After a major education campaign over the last couple of decades, cigarette smoking is down among teens. But water pipes and e-cigarettes (vaporizers) seem to be picking up the slack. Both offer a variety of flavors such as grape, bubble gum and apple to make the smoking experience more palatable.
Hookah hails from the Middle East. During the past decade, hookahs have become a hot import. Trendy lounges complete with sophisticated water pipes have popped up in major cities. Friends gather to socialize and smoke from the same pipe.
Lotus Hookah Lounge near the University of Southern California is a hot spot for college students and 30-somethings. Bruce Kafil opened the lounge after graduating from USC law school.
“I started smoking young and decided to open a hookah lounge,” said 29-year-old Kafil, whose mother runs the day-to-day operations. “I still smoke on occasion, but decided to stop recently. It’s not as addictive as cigarette smoking because it is something you do more in a group.”
Most lounges open in the afternoon and operate well into the evening. Customers pay between $15 to $30 for a bowl that lasts about 45 minutes. But some people have less elaborate pipes set up in their homes.

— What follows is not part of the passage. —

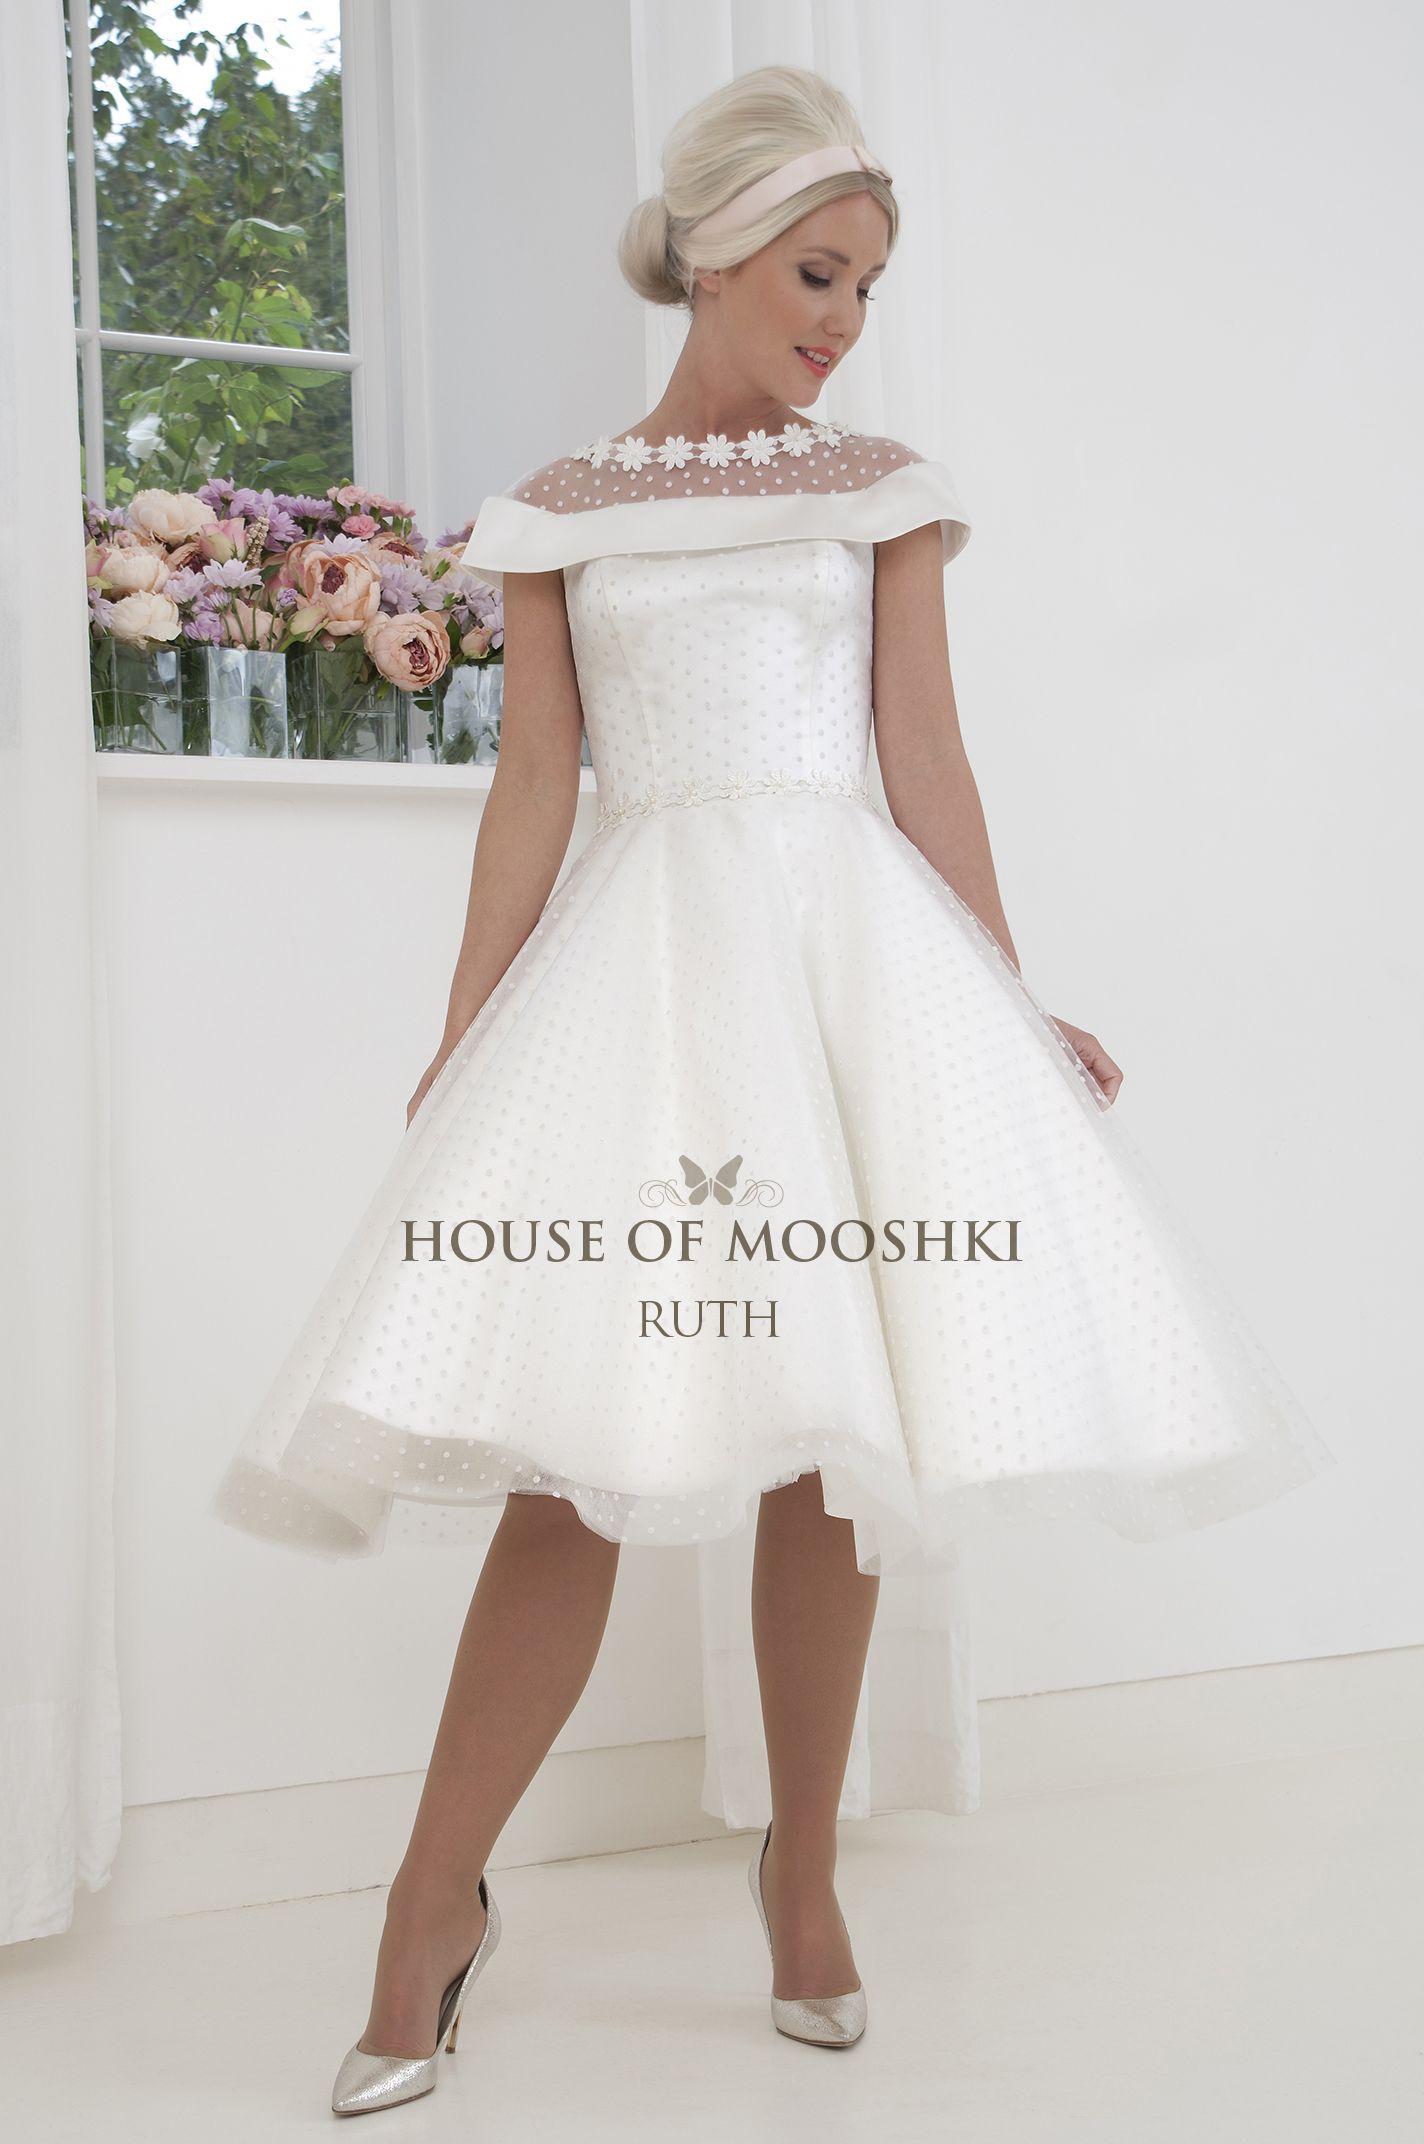 Super Cute Spotty Short Tea Length Wedding Dress With Bardot Neckline And Illusion Across The Sh Wedding Dresses Tea Length Wedding Dress Perfect Wedding Dress [ 2144 x 1424 Pixel ]

One freshman from California State University, Northridge, described how he first tried a hookah at a Los Angeles party during high school.
“It was sort of fun, and people do tricks like blow rings with the flavored smoke,” he said.
But the 19-year-old economics major said it wasn’t something he did often because the big pipes aren’t really portable.
“Most of the kids I knew were addicted to nicotine in general. They smoked cigarettes and vapes, and a hookah was just another way to do it.”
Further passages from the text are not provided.